▶ _Exercise description_: Set down the full listing exactly as given. Any pictures are to be left out.

▶ _Provided material_:
== Segment start ==

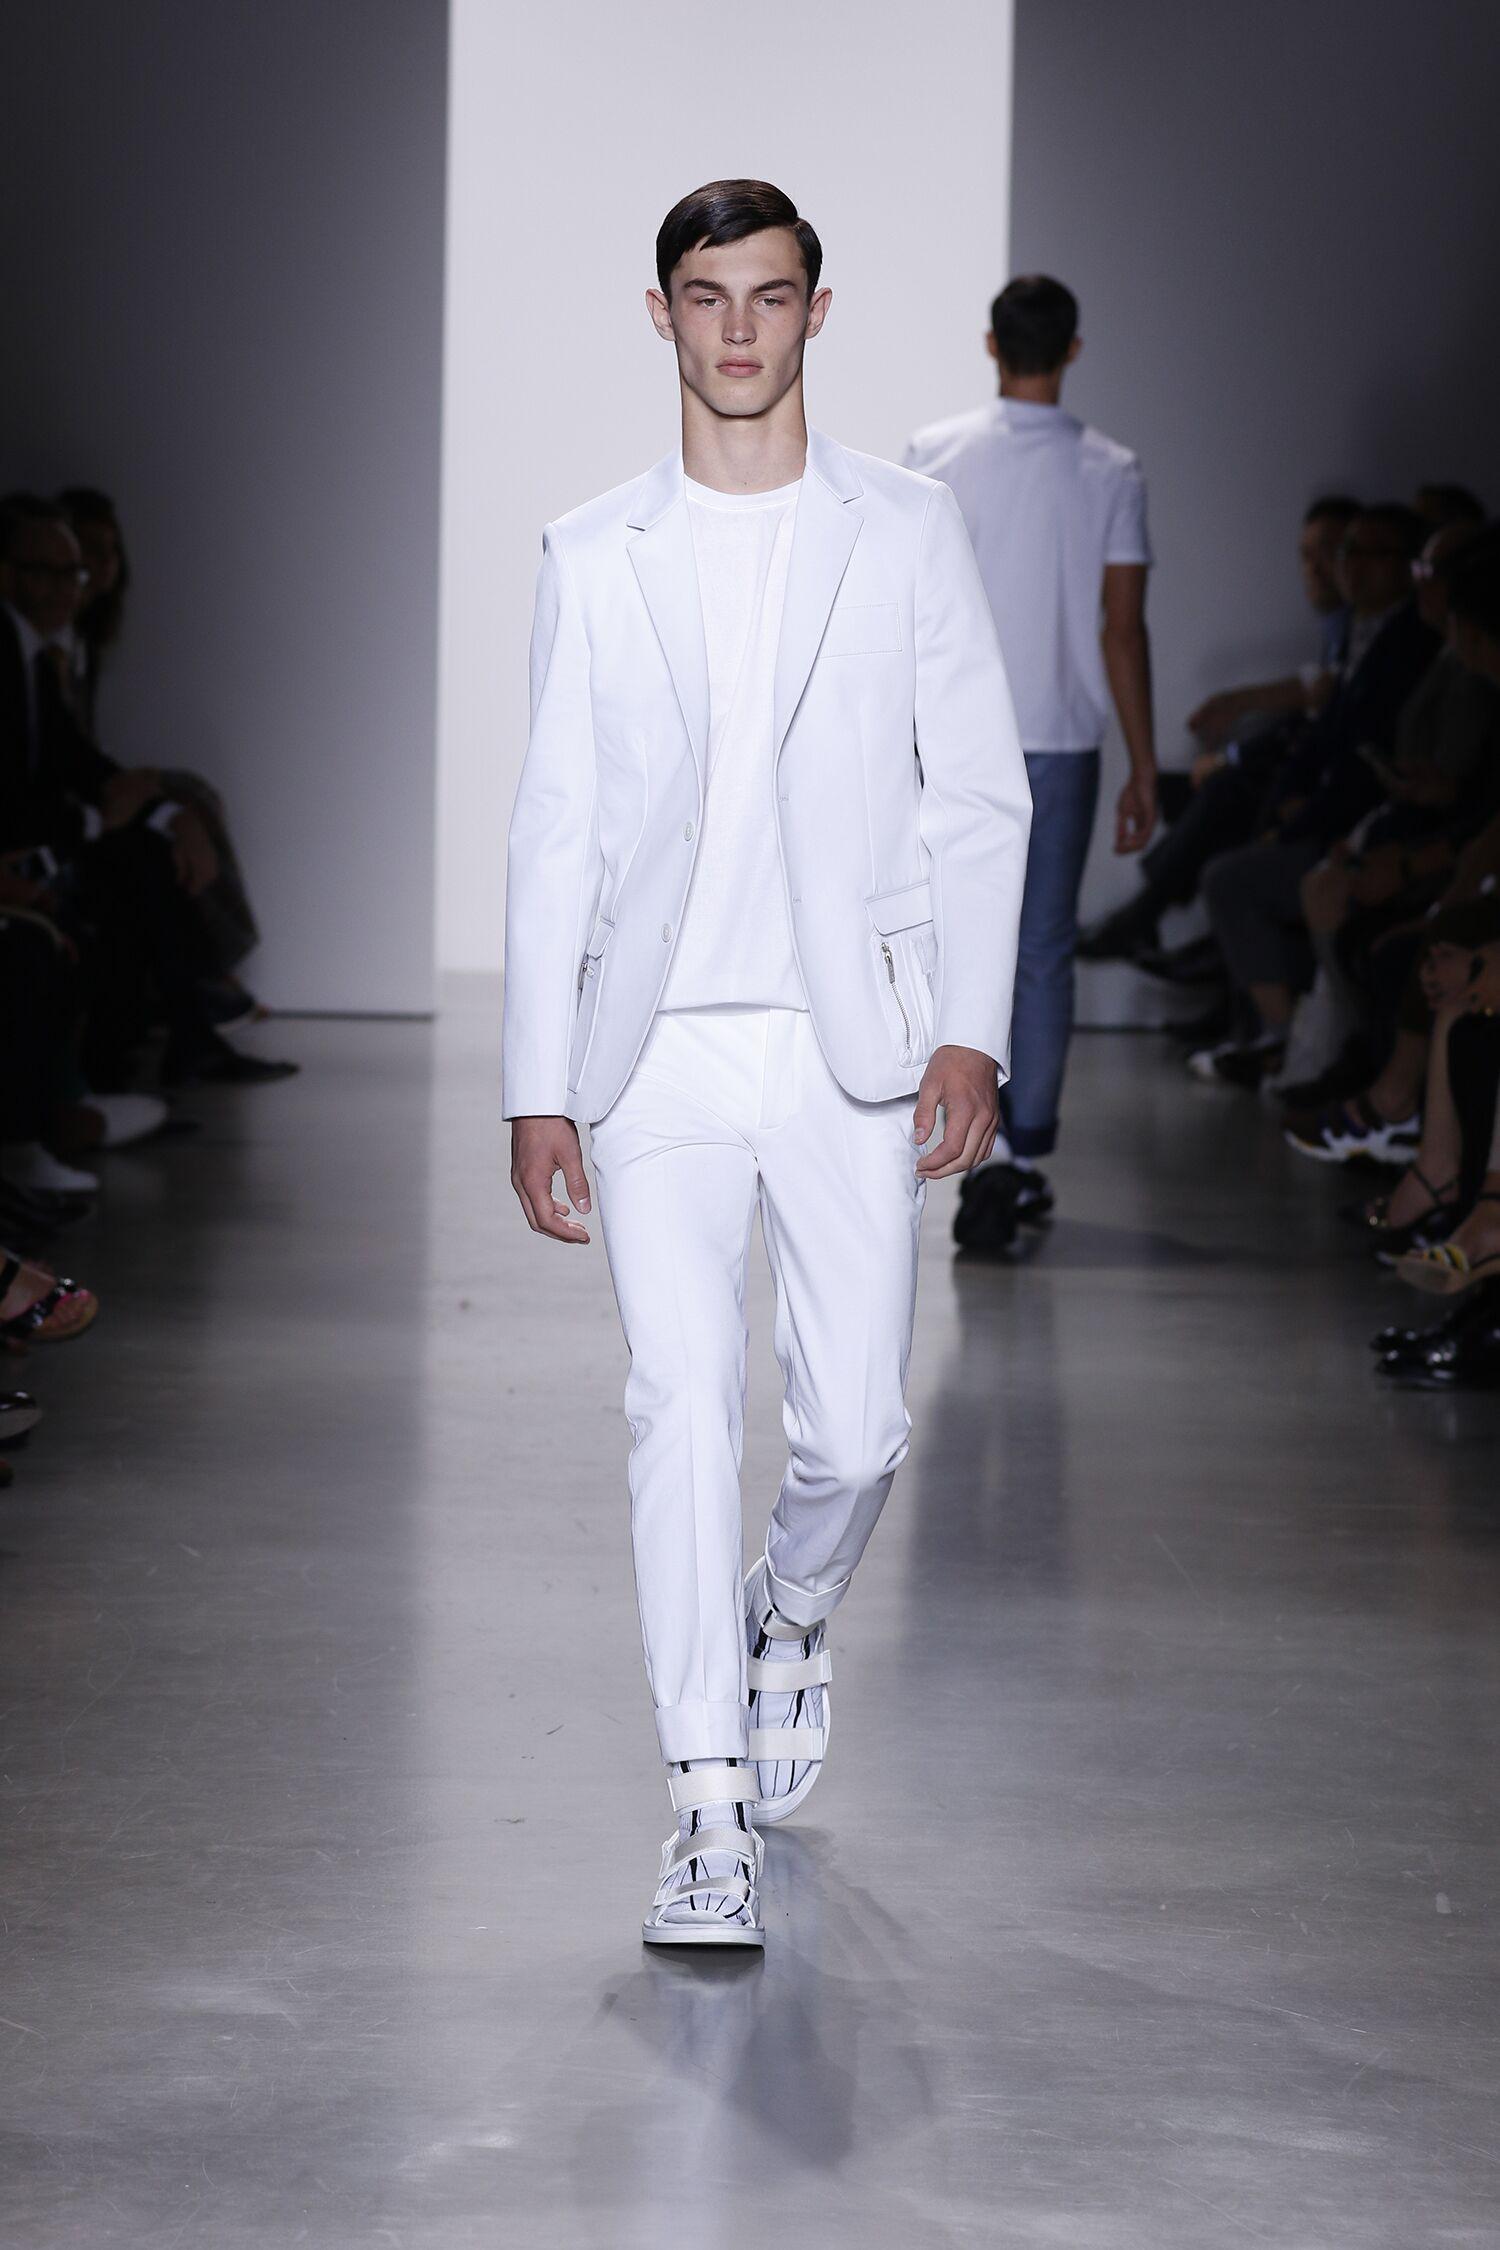 Spring Calvin Klein Collection Fashion Men Model
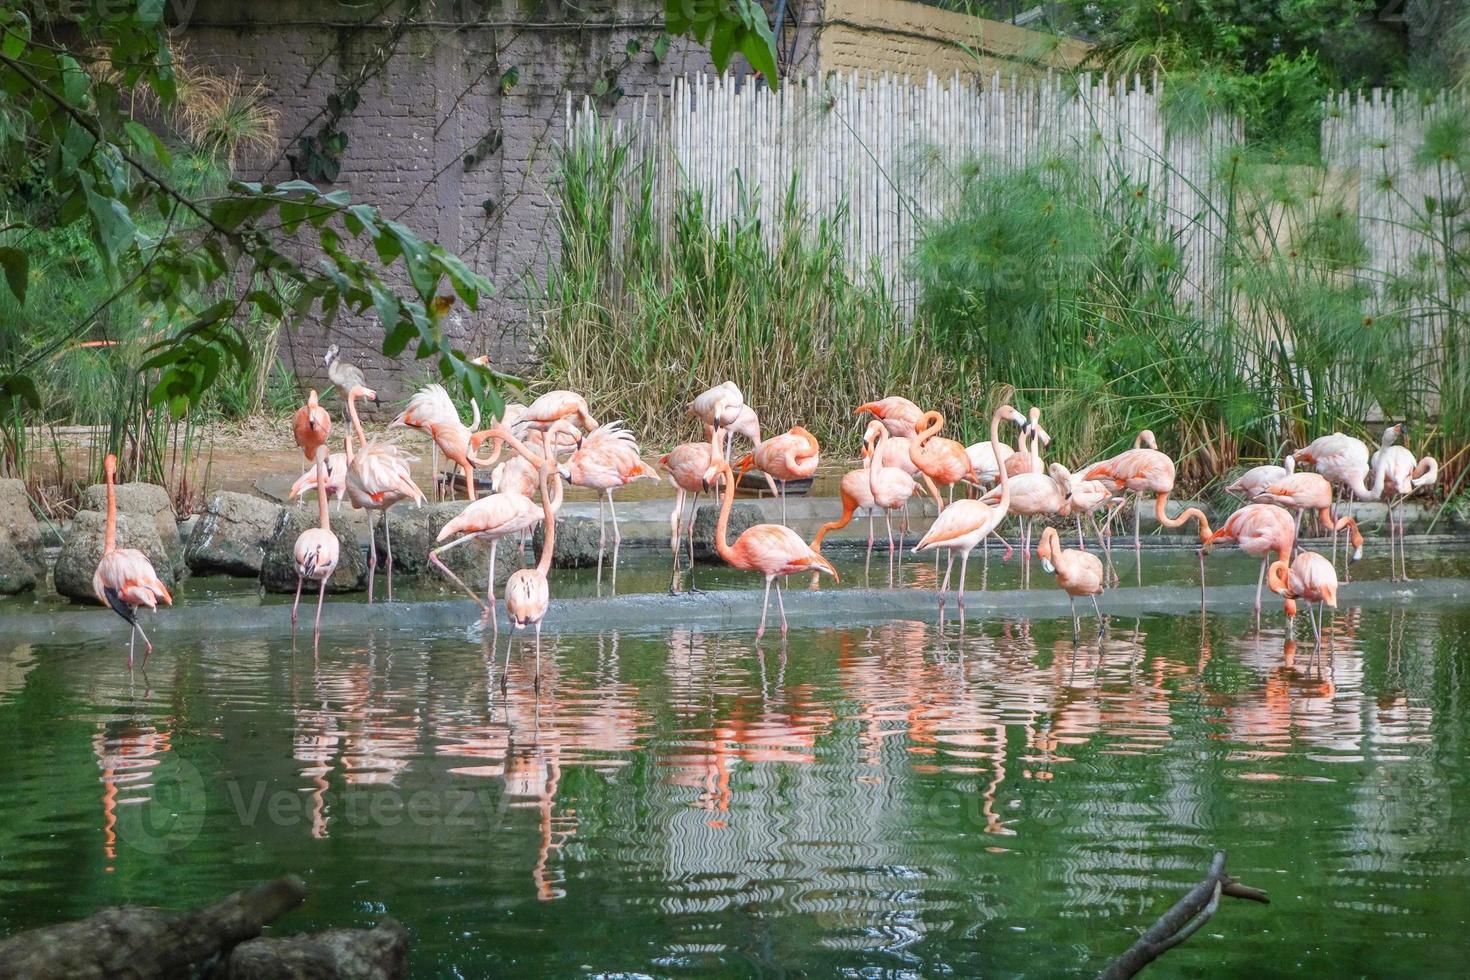 uccelli fenicotteri in uno stagno foto
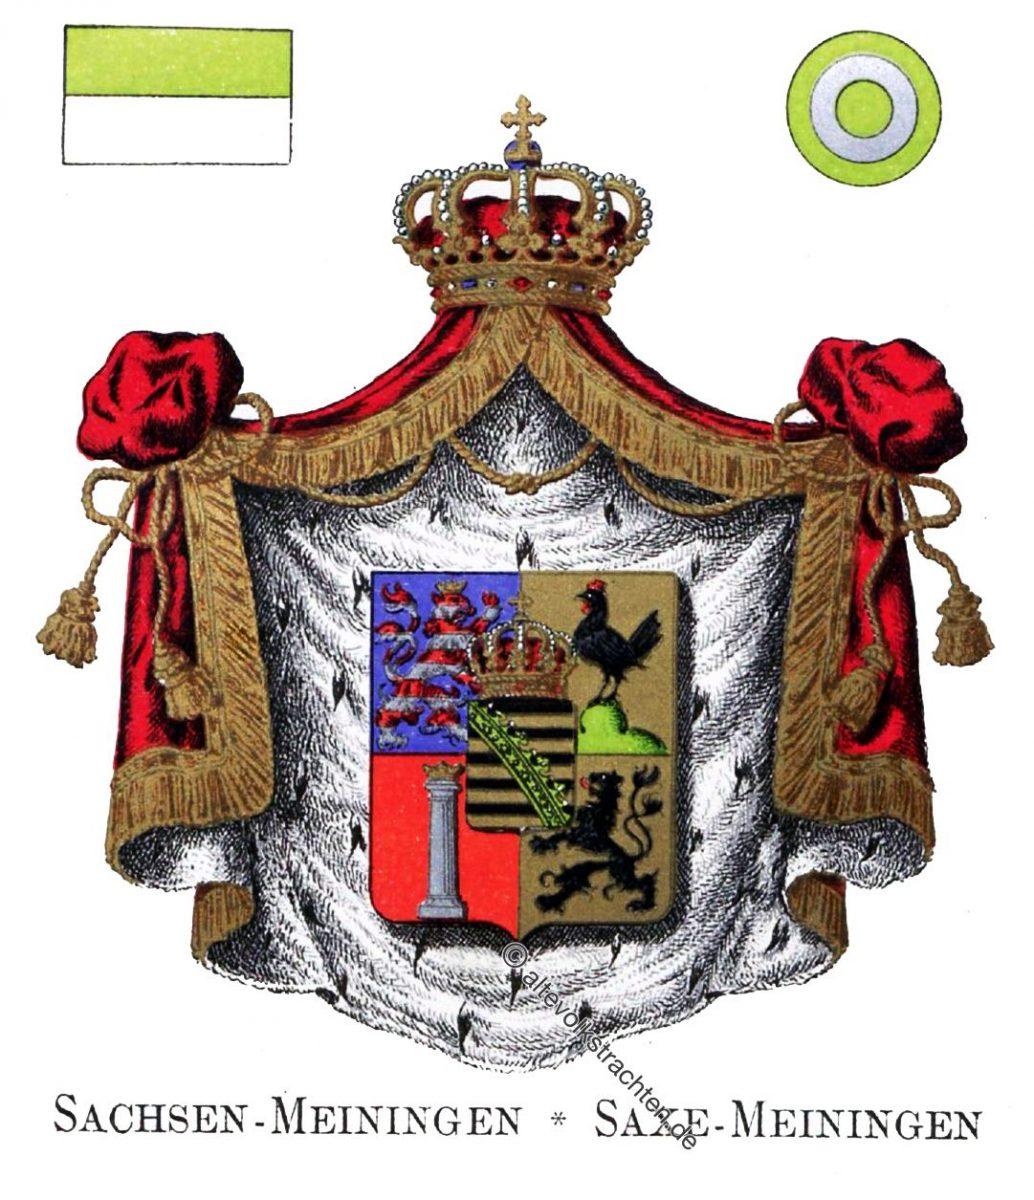 Sachsen-Meiningen, Staatswappen, Wappen, Heraldik, Deutschland, Landesflaggen, Kokarden,

== Segment end ==

▶ _Result for this exercise_:
 Spring Calvin Klein Collection Fashion Men Model
 uccelli fenicotteri in uno stagno foto
 Sachsen-Meiningen, Staatswappen, Wappen, Heraldik, Deutschland, Landesflaggen, Kokarden,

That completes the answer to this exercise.